The extended version of SIMPL – called SIMPLEX, includes a tool-kit to allow editing, loading, compiling and examination of memory – all  hosted by the target processor – in about 5K bytes.

MISC Processors and eForth

 

Inspired by Chuck Moore’s Minimal Instruction Set Computer (MISC) designs of processors from the mid 1980’s, I have chosen a similar approach. At the same time that Chuck Moore was working on designing MISC processors in gate arrays,  Bill Meunch  and Dr. Chen Hanson Ting were developing eForth – a complete forth that could be synthesised from only around 30 primitive instructions.

Meunch and Ting showed that once these 30 primitives had been coded in the native assembly language of the target processor, plus a porting of the inner and outer interpreters, then the whole eForth language could be created very quickly.

Ting once remarked that to put eForth on any new microprocessor, starting from scratch generally took him about 2 weeks.

A Comfortable Computing Environment

eForth creates a comfortable computing environment within any new, unfamiliar processor,  – kind of like establishing a base-camp in a hostile terrain. Additionally, once you have studied the processor architecture and instruction set sufficient to write the eForth primitives in it’s assembly language – you have probably become quite intimately conversant with it’s inner workings.

Forth is an extensible interactive language, which provides a complete computing environment hosted by the target machine. It dispenses with the need for sophisticated compiler tool chains or  IDEs, and allows all coding and interaction to be done from a simple serial terminal.  At the same time it provides an editor, loader, compiler, and the means to examine memory by way of a hex dump.

Registers and memory mapped I/O can be poked or examined interactively, and the low level drivers for I/O can be developed by experimentation from the ground up.  Initially the only I/O requirements are to allow a character to be sent or received via the serial UART – and virtually every modern microcontroller has at least one UART.
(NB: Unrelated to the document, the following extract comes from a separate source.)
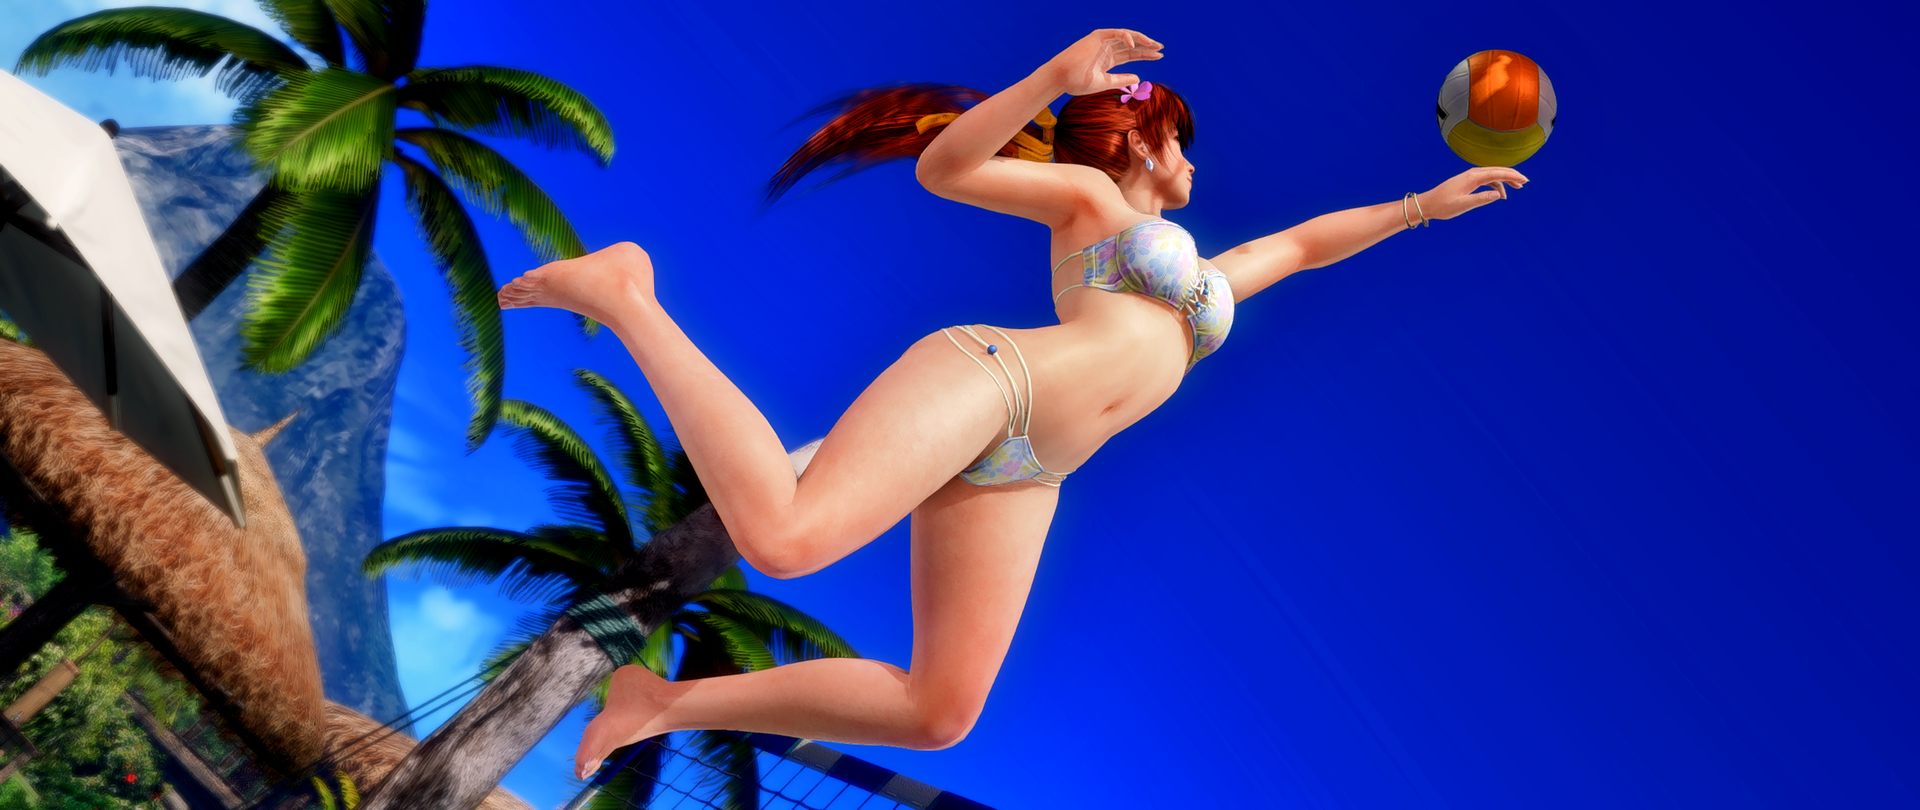 DEAD OR ALIVE Xtreme Venus Vacation屏幕快照2020.01.16-19.08.27.86.png

eForth however is some 6K to 8K bytes in a typical implementation, so I asked myself whether there was a way of creating an extensible language from an even smaller starting point – and so the idea of SIMPL came into being.

The Mechanics of Interpreted Languages

eForth, SIMPL and other tiny Forth like languages rely on efficiently coding a small set of primitive instructions onto a stack-based, 16 bit virtual machine, running in the native assembly language of the host processor.

The virtual machine consists of an inner interpreter that fetches the next instruction token from memory, performs a decode operation (either by jump table or switch-case structure) and executes the code  associated with that operation. The efficient coding and execution of the primitives and the inner interpreter is what gives these threaded, interpreted language their speed.

Ideally there will be fewer than 32 primitives, so in a hardware cpu implementation they may be represented by a 5 bit token, and mapped directly into the cpu machine instructions – this is the approach that Chuck Moore used with his Forth processors, and has been widely been adopted since – such as James Bowman’s J1 Forth CPU.

However in a software implementation we need to encode these in the native assembly language of the target processor, be it an 8-bit, 16-bit or 32 bit processor. Forth was developed at a time when 16-bit minicomputers were just appearing – and so traditionally it has used a 16 bit integer word size.  The late 1970’s and early 80’s saw Forth being adapted to 8-bit microprocessors – some of which were a good fit to the Forth virtual machine model – and some were not.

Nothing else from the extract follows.